You'll have a frontline near Tallin (Estonia) and then you'll have 20 divisions North-East of that at Leningrad. Makes it hard for the Soviets to hold a two angle assault.
I learnt later on that capturing Leningrad stops the Soviet focus tree ability "move industry to the Urals". It stops them from saving 11 military factories that would have been lost to your advance, by moving them further inland. So that's a big bonus.
Plus, it stops the national focus "defence of Moscow" which provides the Soviets with a tonne of land forts in and around Moscow.
So there's three extremely good reasons to take Leningrad.
3. Winning against the Soviet Union is about two things: battlefield assessment and making breakthroughs.
You need to assess where there's a weakness in your frontline and address it. This mean shuffling troops around a fair bit or re-directing men completely to different parts of the front to stop a red army push back.
Apply pressure to weaker areas of the red army frontline to get a red army response. If they're losing ground they will try to re-fortify that spot in their frontline - leaving others spots vulnerable.
You need to find breakthroughs (squares you can punch through the enemy frontline with and funnel men into).
Your goal is to encircle their frontline or provide enough pressure attacking from multiple angles to force them to retreat, thus gaining ground.
Avoid trying to breakthrough squares on river crossings, it's extremely difficult. Sometimes it might be unavoidable but generally you should try to breakthrough at other locations.
4. Use every combat advantage you can get. Decryption advantage, air support + air superiority (very important to providing assistance in wearing down enemy organisation), even naval bombardment if possible during fights along the coast to Leningrad.
5. Repair your infrastructure as you conquer, so troops can be properly supplied. Supply is very important.
6. Accept that you will need to deploy troops early. Often you cannot deploy trained troops fast enough to stop the Soviets, they just have too many men.
What's more important is just having the troops to plug up holes in your frontline or to push even harder. Doesn't matter if they're "fresh" and lack the experience.
7. I used a 100% ahead of time research reduction bonus to get Tiger tanks by 1941. Helped a lot to make big breakthroughs.
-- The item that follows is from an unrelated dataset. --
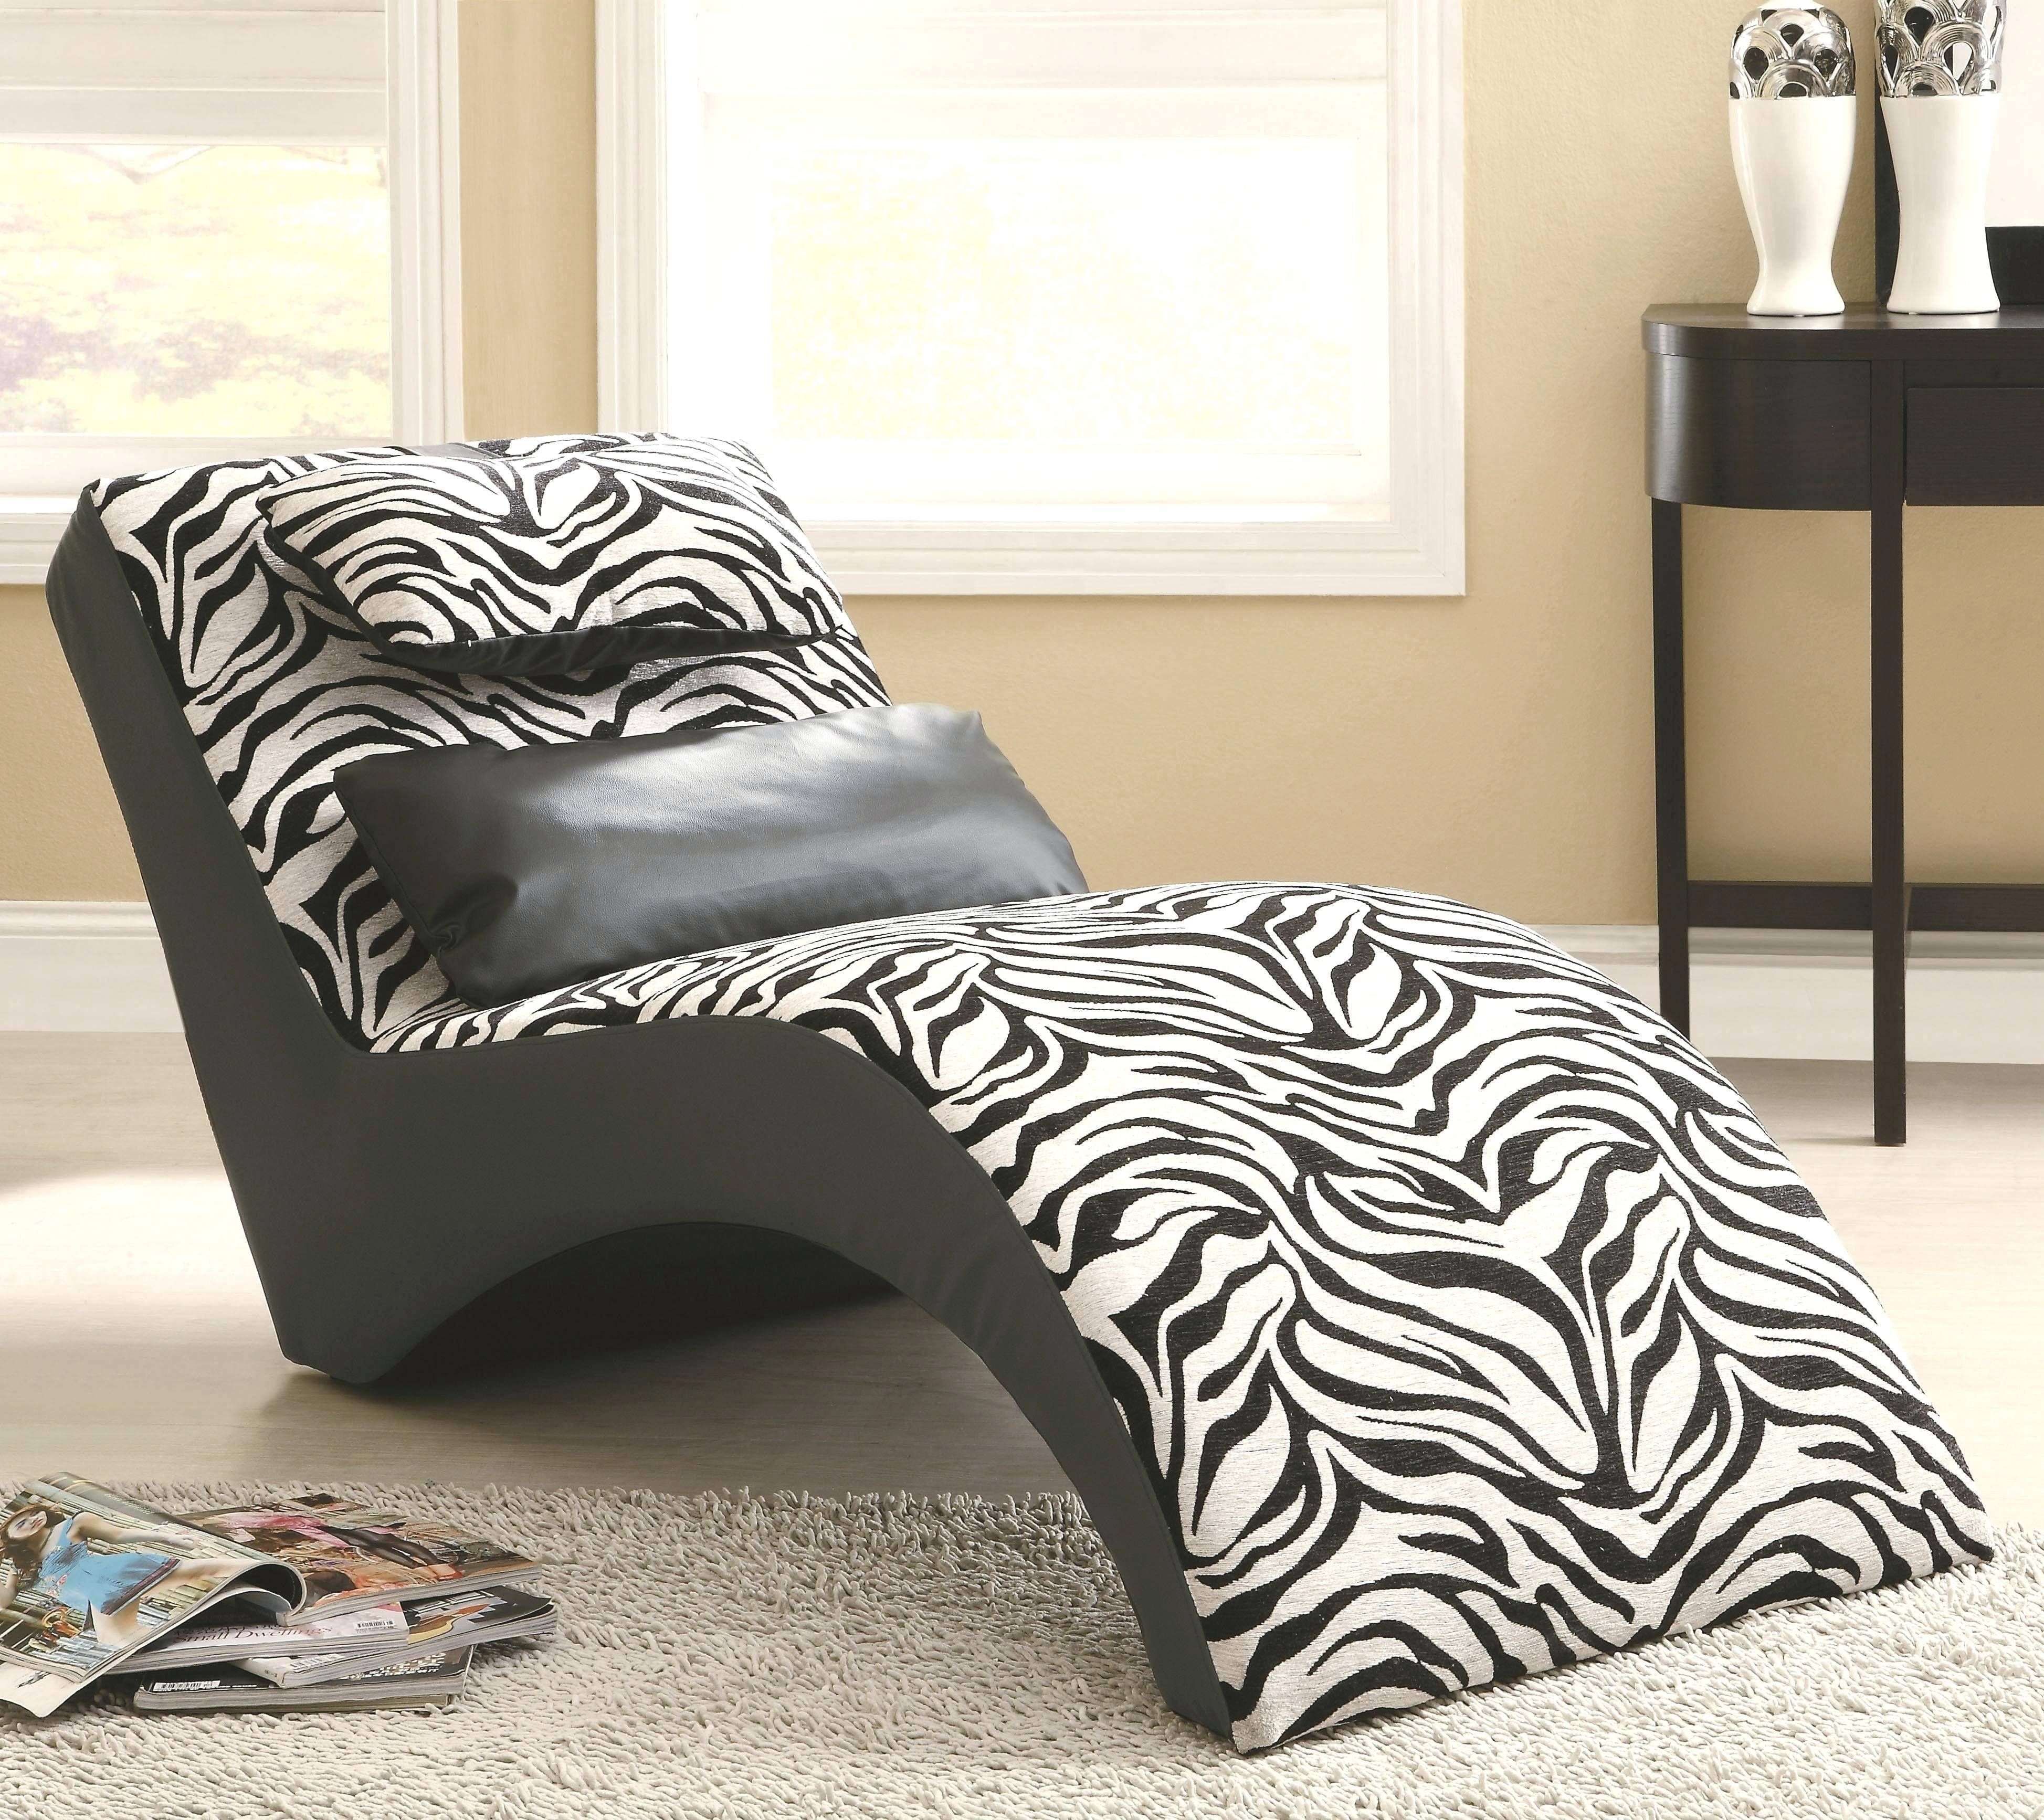 138 Charming Full Size Of Sofas Centeranimal Print Sofa Amazing For Animal Print Sofas (Photo 12 of 15)

Not sure if it's possible for you though, depends on your national focus/research tree.
8. Make sure your infantry equipment is up to date for the year you're in, every % advantage to defence and breakthrough makes a big difference.
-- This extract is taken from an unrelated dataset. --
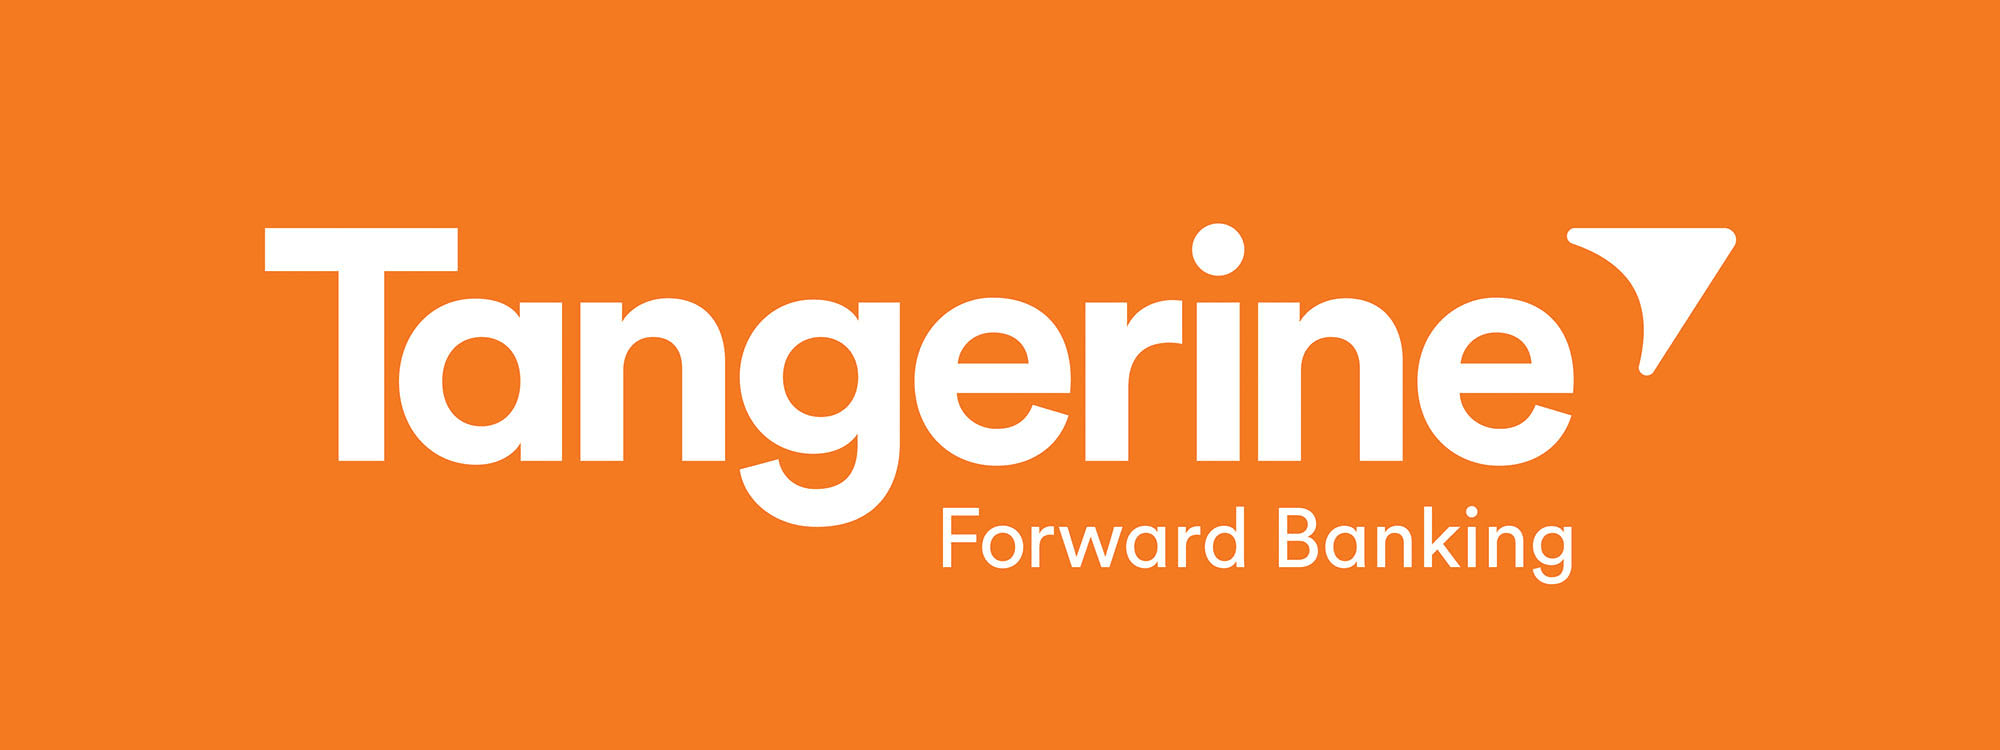 Tangerine Logo - Tangerine Money-Back credit card takes home awards | LowestRates.ca

In your division template for infantry include field hospitals, engineering corps, recon, support artillery and logistics.
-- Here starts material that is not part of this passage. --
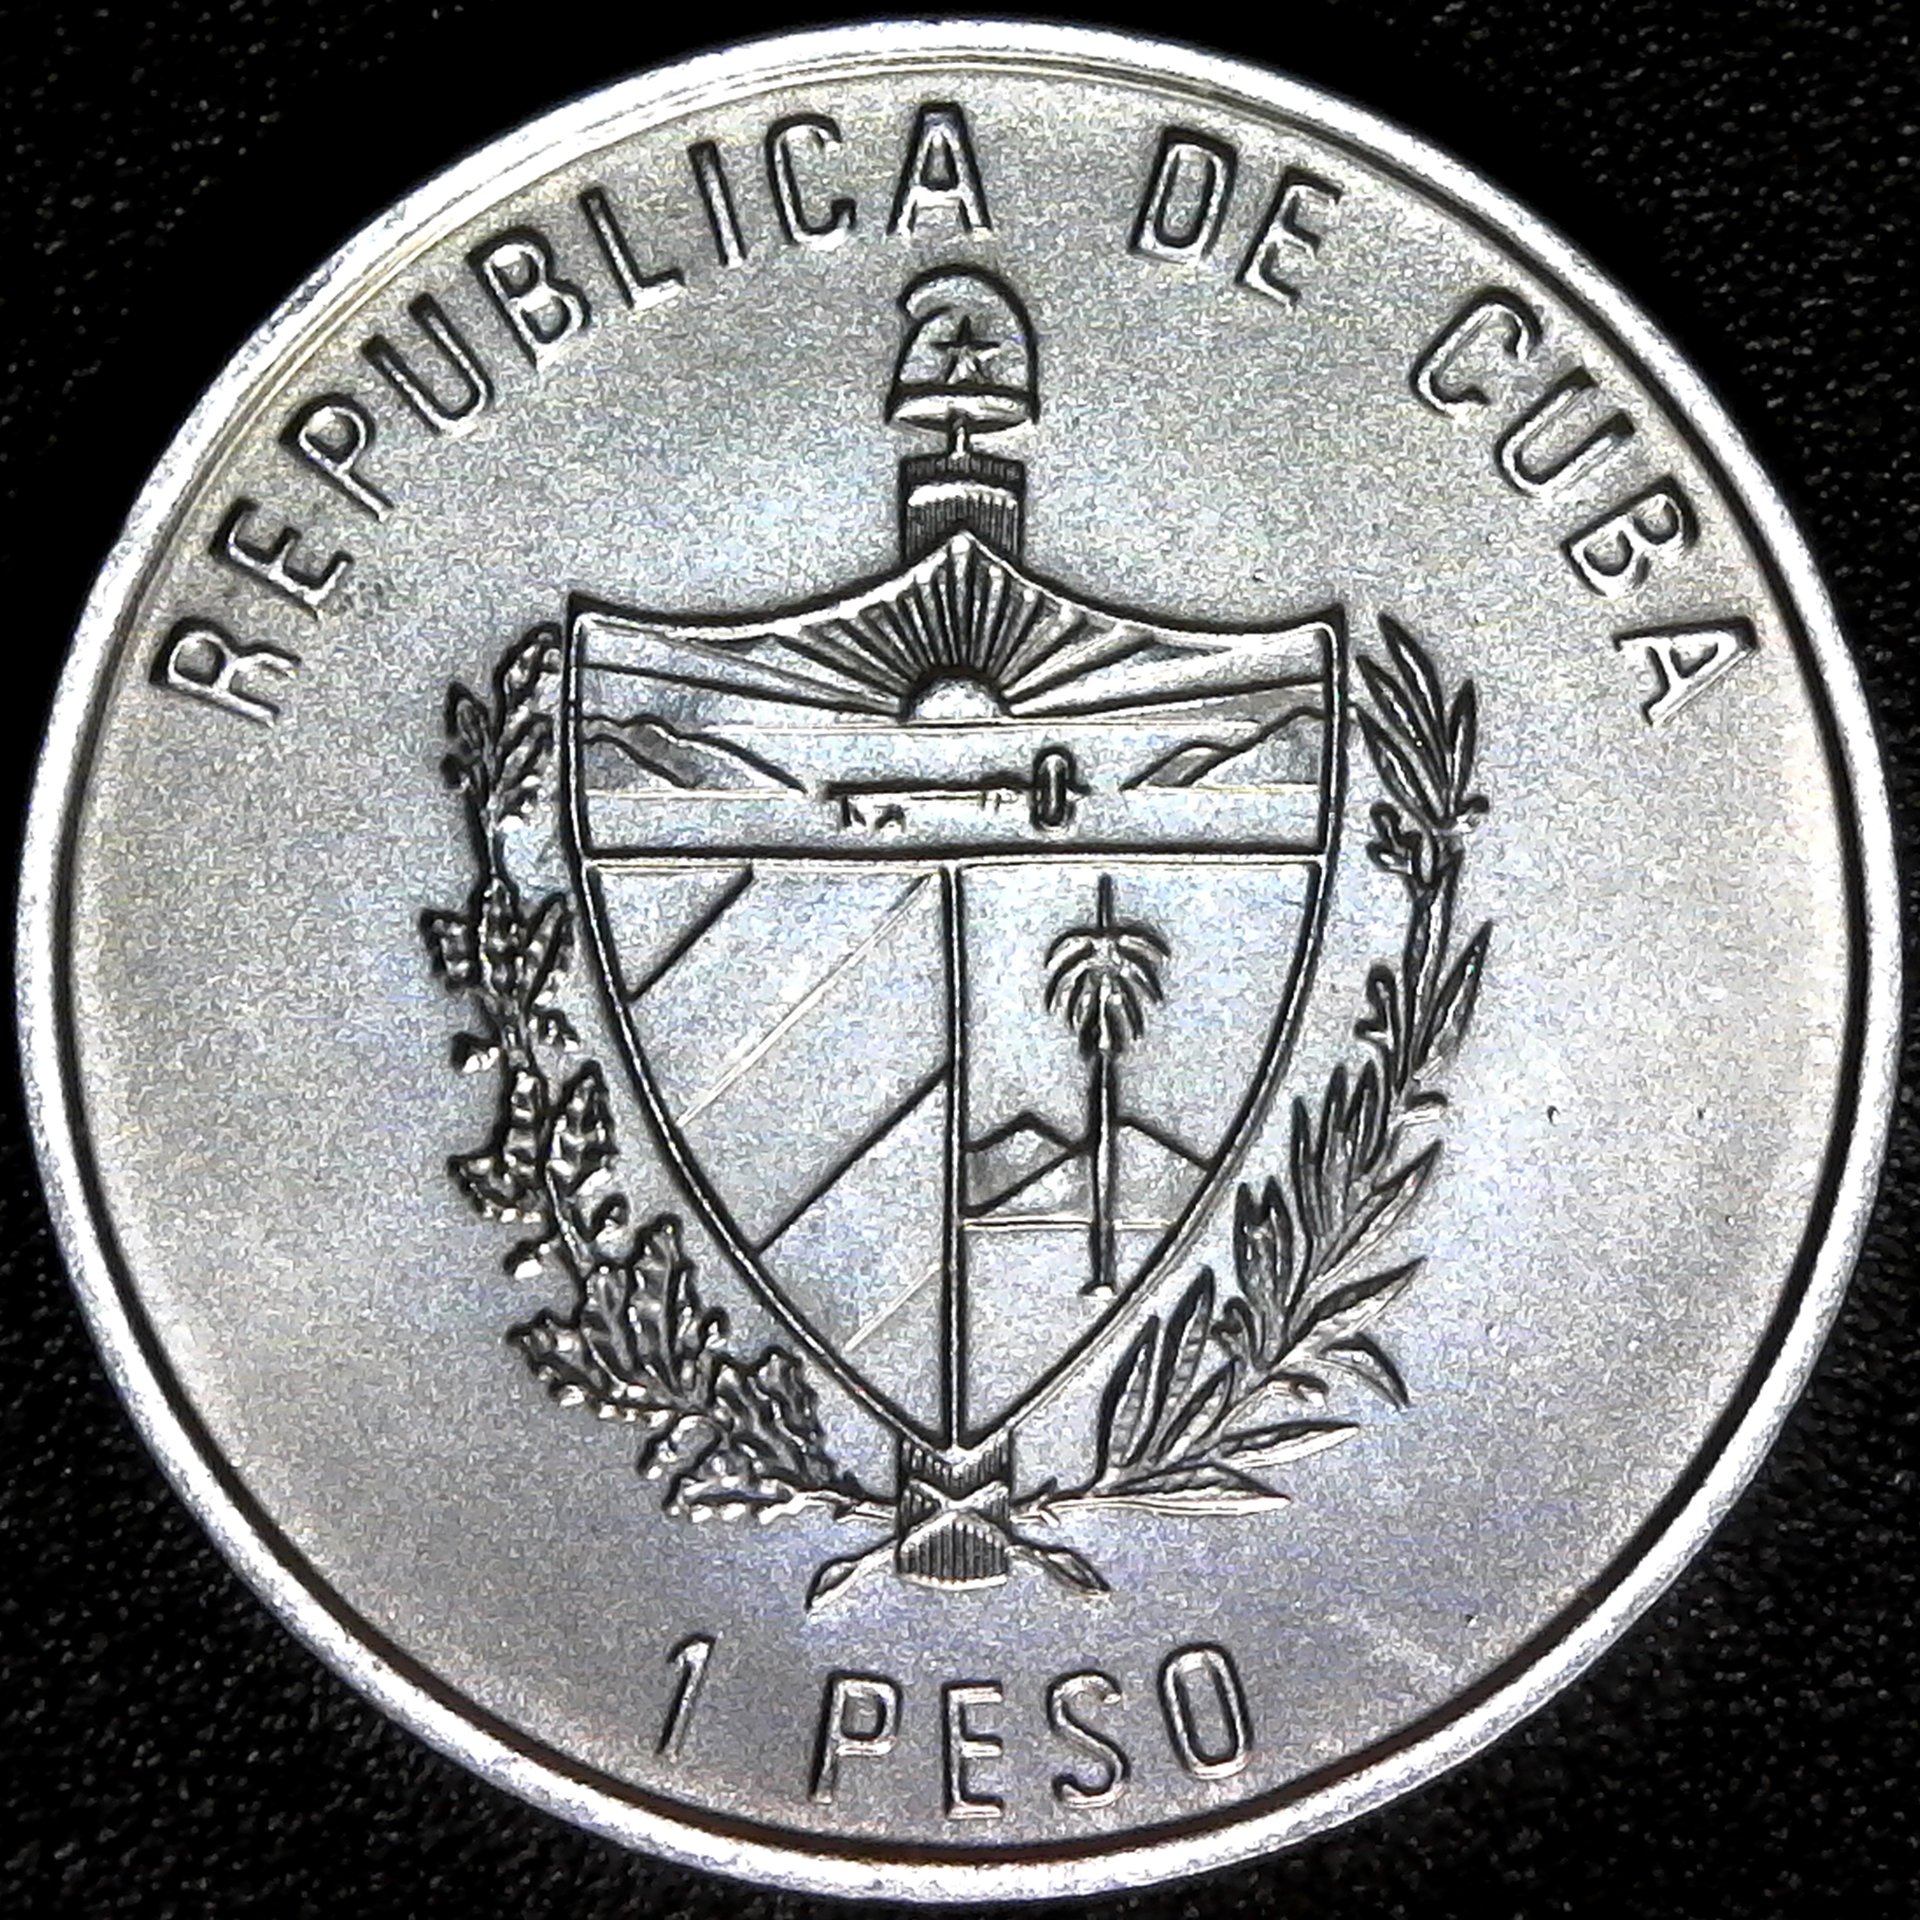 Cuba One Peso Avellanedas 2001 rev.jpg

These support companies will reduce the supply needed for your troops, increase their movement and combat performance in a variety of tactical settings (forests, river crossing etc), give them initiative, meaning your General has a bonus chance to counter-pick a tactic to the enemy General and they will also save your troops from losing experience due to casualties. Support artillery adds some extra firepower vs enemy infantry.
9. I spent a long time in my battle with the Soviets. Probably 30-40 hours of pausing, micro management and playing on 1 speed.
You literally need to look at every fight on the frontline and then make the right decisions about what to do.
Realise that there will be many waves of Soviets and sometimes it feels pointless to keep going, but the further you go the easier it gets, until you've finally broken their back.
Not a lot of micromanaging needed, just punch through with tanks, groups of 12. Leave the first 4 in first slot, next 8 advanced, and again 4. Other 12 advances from another direction if going for massive envelopement. Italian infantry fills the gap so you can just punch with your armor to every direction.
Bunkers, Trains, Radars, CDA. And when communists are dead, you can march.
Second, like in history, build a line, and an other army of cavalery (tanks+Horses+Motorised Troops) and rush behind them and make a huge bubble.